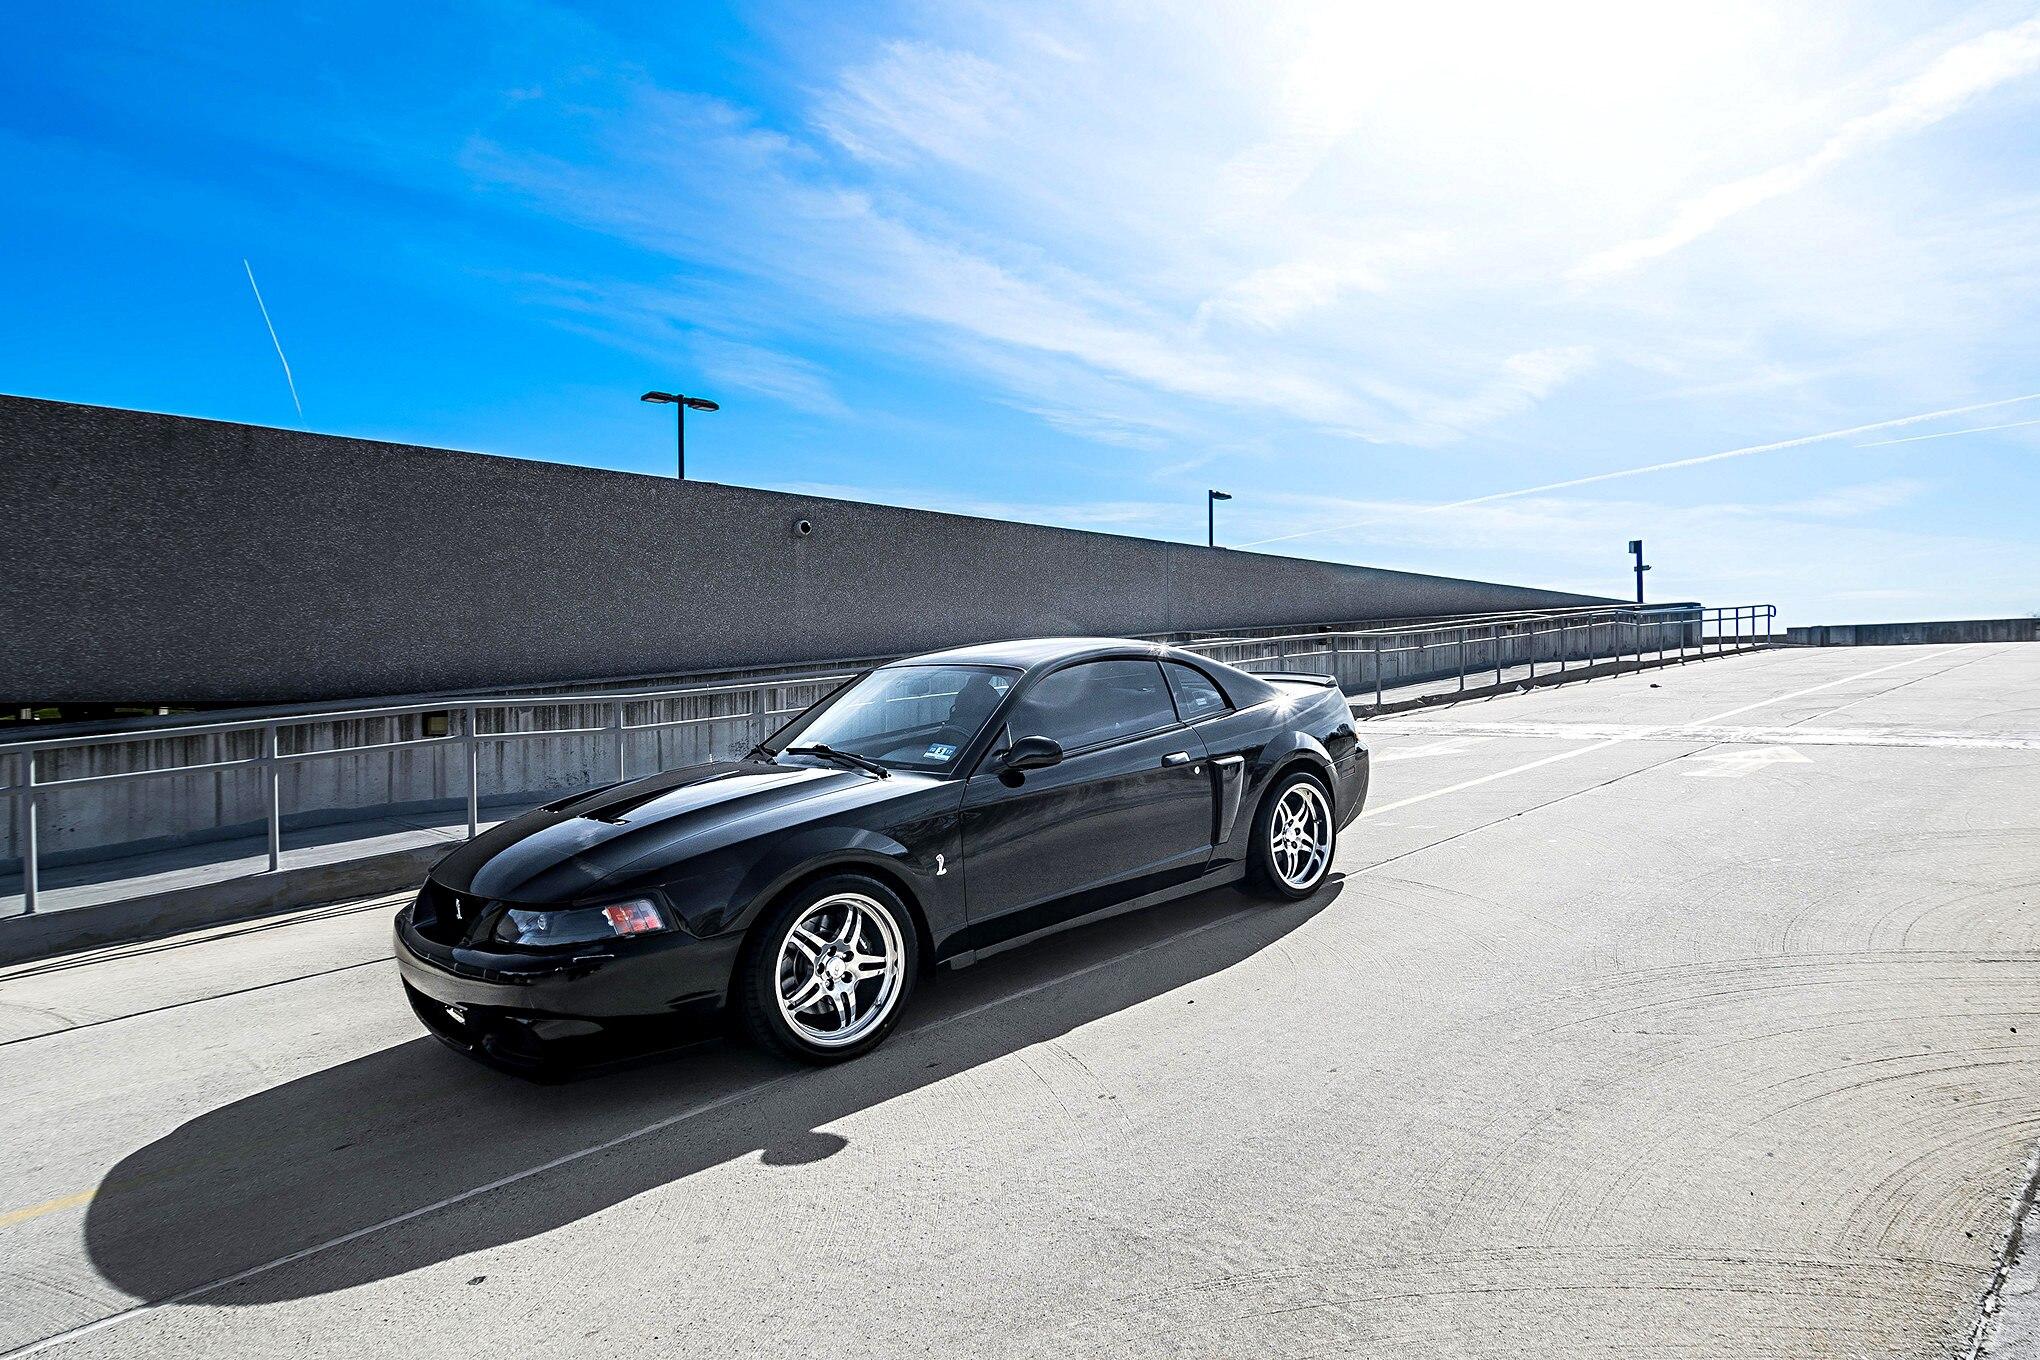 Carlos Black Cobra 9 2003 Ford Mustang Terminator
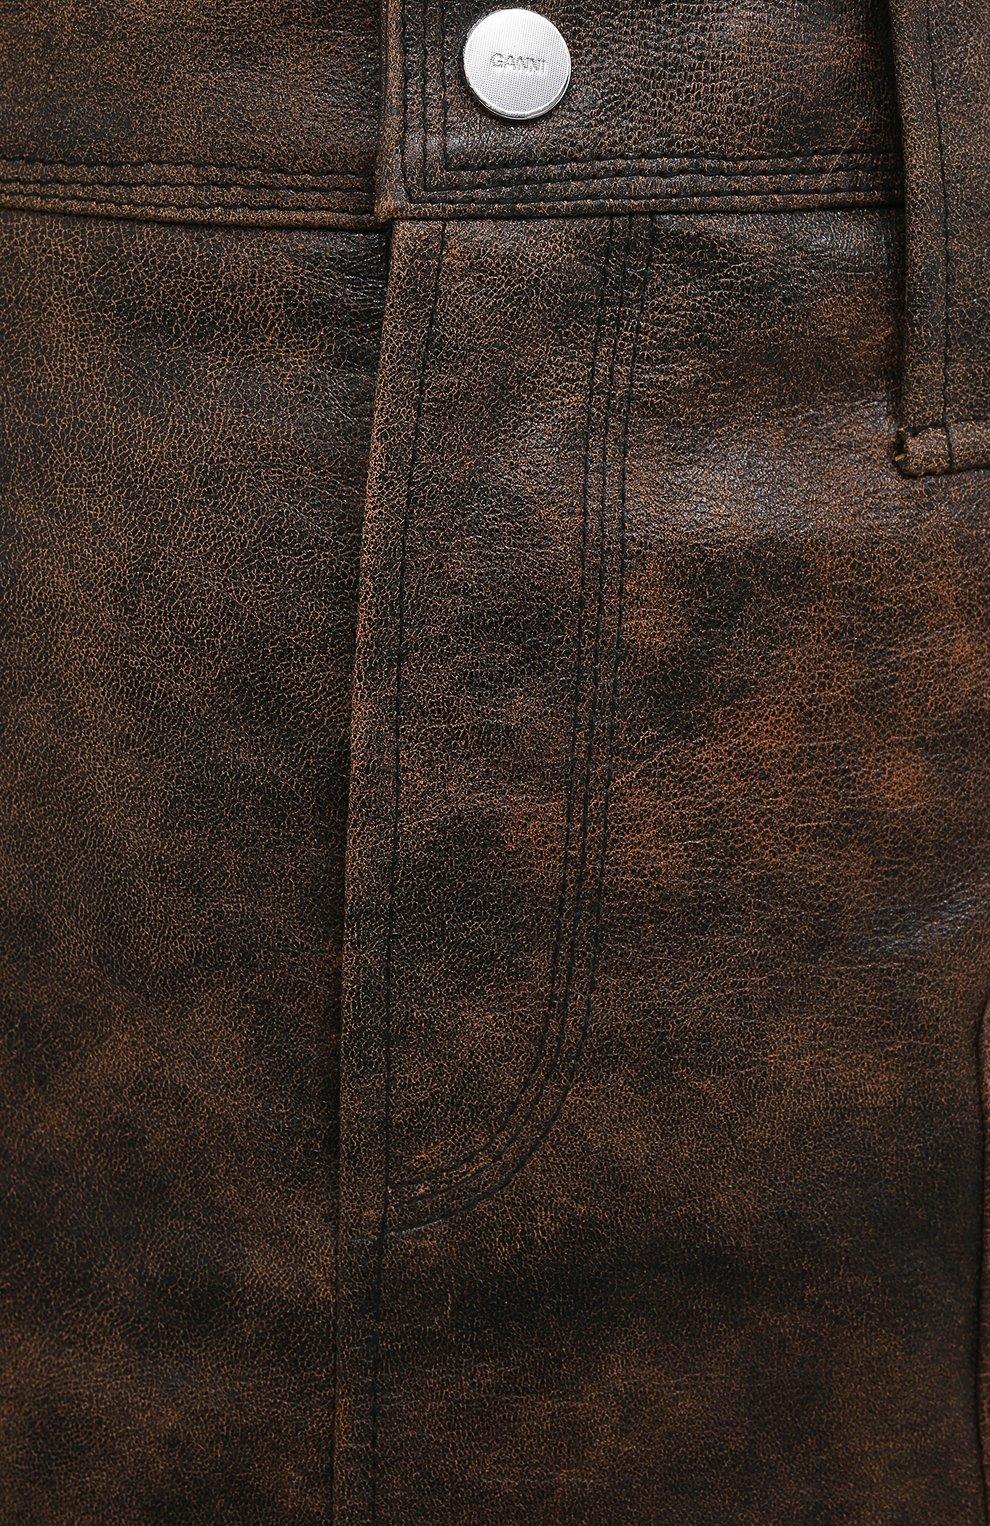 Женская кожаная юбка GANNI коричневого цвета, арт. F5612   Фото 5
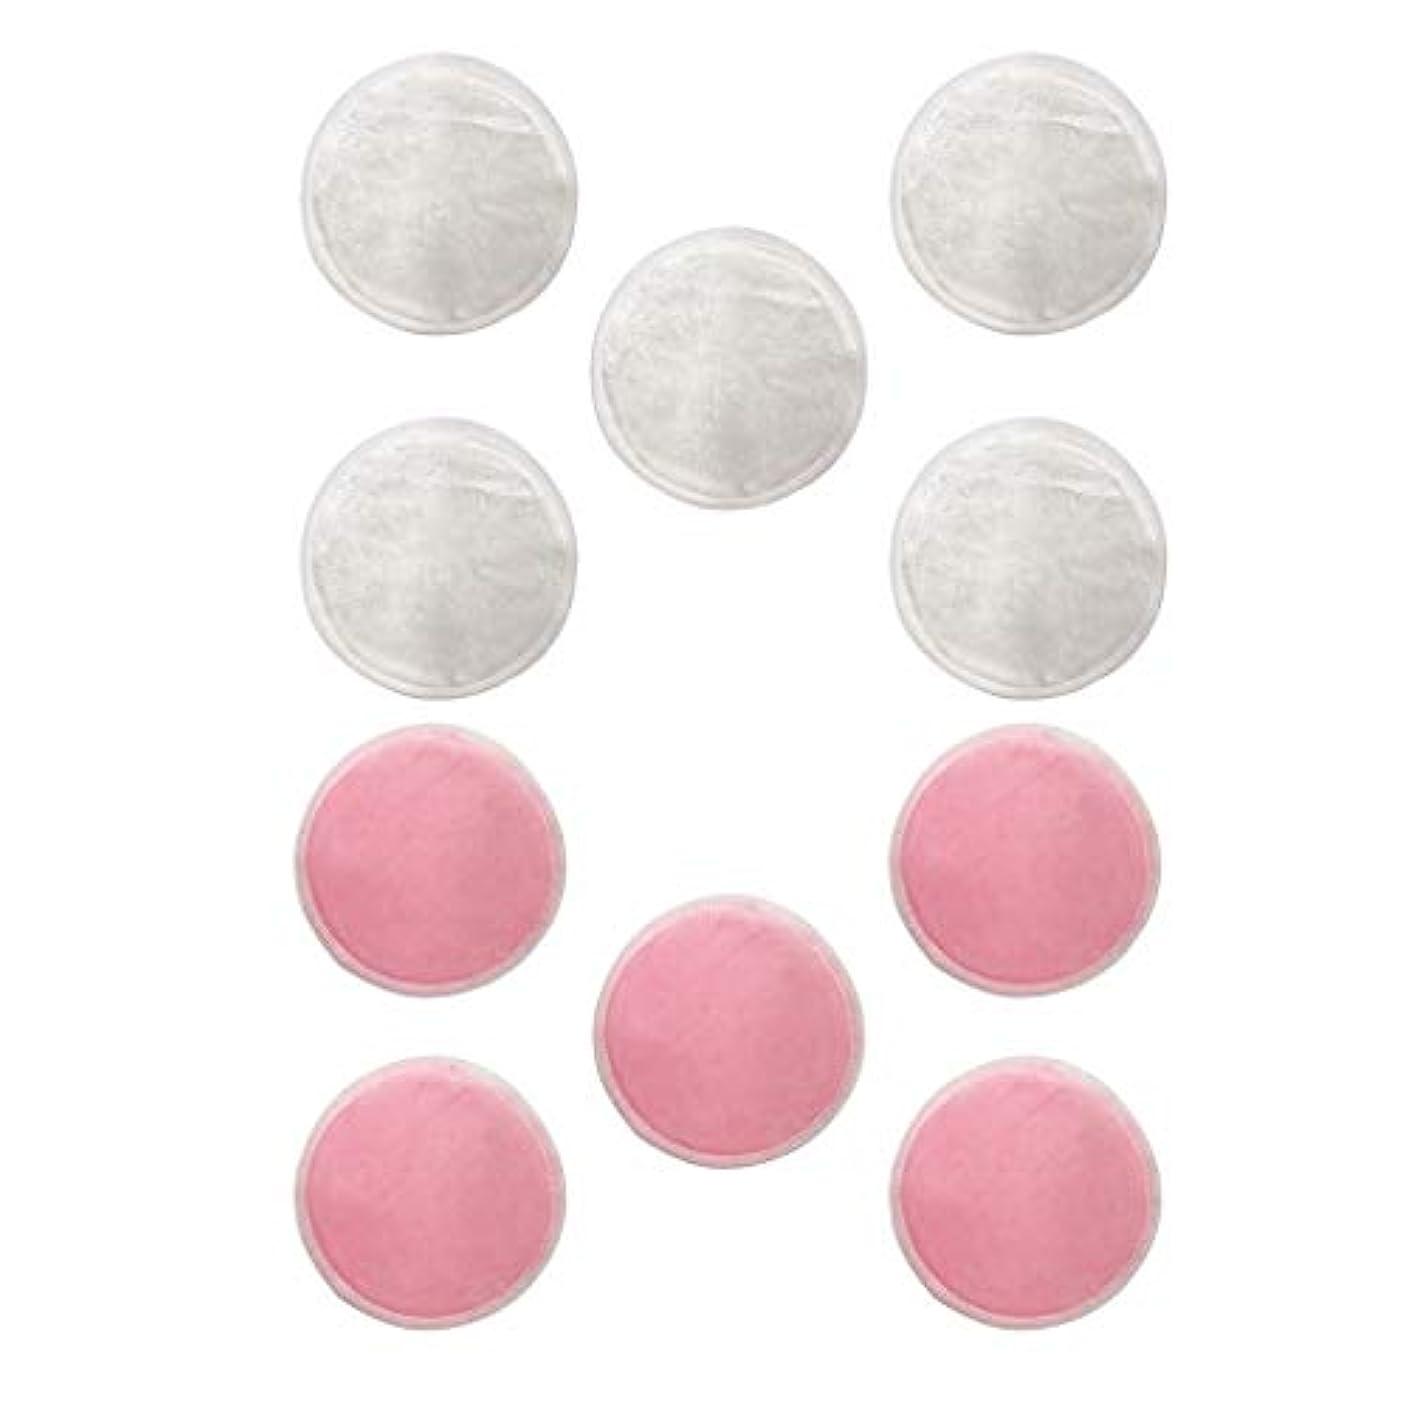 時系列乱闘マイクロフォンdailymall Natural Rounds 10 Packs-顔用の再利用可能な竹繊維メイク落としパッド-再利用可能なフェイシャルコットンラウンド

* [Directions]: Copy the data verbatim, skipping any image it holds.

* [Response for this exercise]:
 Carlos Black Cobra 9 2003 Ford Mustang Terminator
 Женская кожаная юбка GANNI коричневого цвета, арт. F5612   Фото 5
 時系列乱闘マイクロフォンdailymall Natural Rounds 10 Packs-顔用の再利用可能な竹繊維メイク落としパッド-再利用可能なフェイシャルコットンラウンド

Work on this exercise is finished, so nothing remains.